Chronique La Cerise sur le gâteau

Tables, couverts et salle à manger

12.05.19

Il est temps de dresser la table ! De fait, la table que nous connaissons tous en France et qui reste le meuble central de toutes les convivialités familiales et amicales n’a pas toujours occupé cette place essentielle.

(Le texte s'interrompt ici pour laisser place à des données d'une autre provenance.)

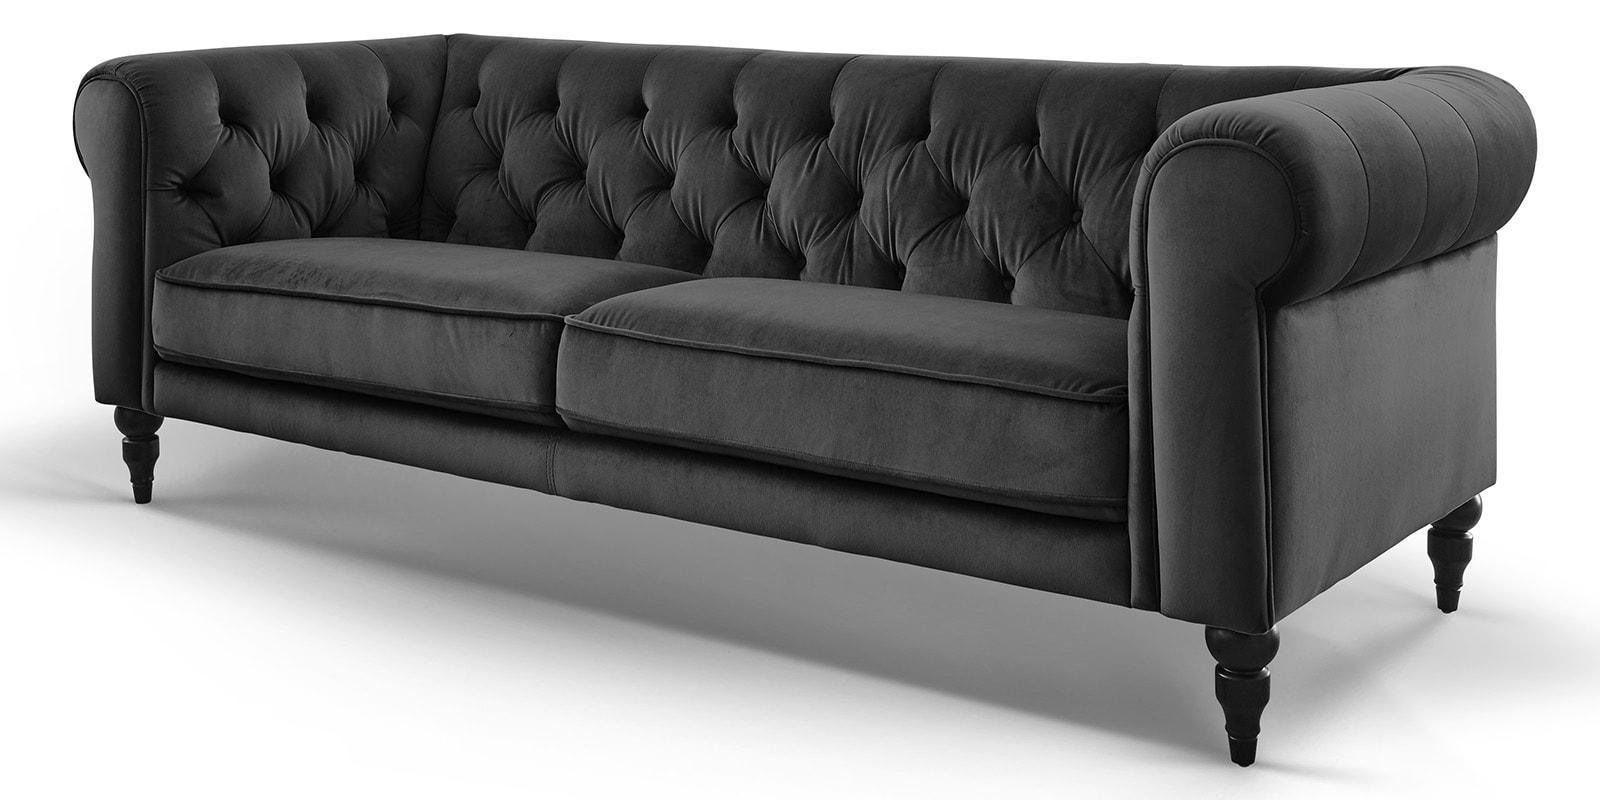 Full Size of 3 Sitzer Chesterfield Samt Hudson Sofa Garnitur Modernes Mit Elektrischer Sitztiefenverstellung 2 Teilig Ausziehbar Stoff Grau Big Günstig Schillig Landhaus Sofa Sofa Samt

Au Moyen-âge, la table est une simple planche que l’on dresse sur des tréteaux et que le maître de maison pose dans une pièce, qu’il choisi en fonction de sa luminosité et de sa température, en hiver près du feu, et en été, dans la pièce la plus fraiche. La table est recouverte d’une nappe qui a l’avantage de cacher les tréteaux mais qui sert aussi de serviette commune. En fait, les meubles importants sont surtout les bancs, d’où l’on tirera d’ailleurs le mot banquet, et le buffet. Il faudra donc attendre la renaissance pour que la table devienne un objet important, tant du point de vue de l’ébénisterie et de la décoration que du point de vue de son rôle social, voire politique et diplomatique. Curieusement, la table à manger n’a d’ailleurs pas entraîné l’apparition immédiate de la Salle à manger. Chez les nobles, les repas étaient pris dans les antichambres ou les cabinets, pour le reste de la population, c’était plutôt à la cuisine ou près du feu dans la salle commune. C’est seulement à partir du XVIIIe siècle, en commençant par la bourgeoisie des villes, que la cuisine va prendre une place périphérique dans les habitations et qu’une pièce va être dévolue aux repas. Et il faudra donc attendre deux siècles pour que, sous le règne du souverain suédois Ikea, la cuisine se retrouve au centre !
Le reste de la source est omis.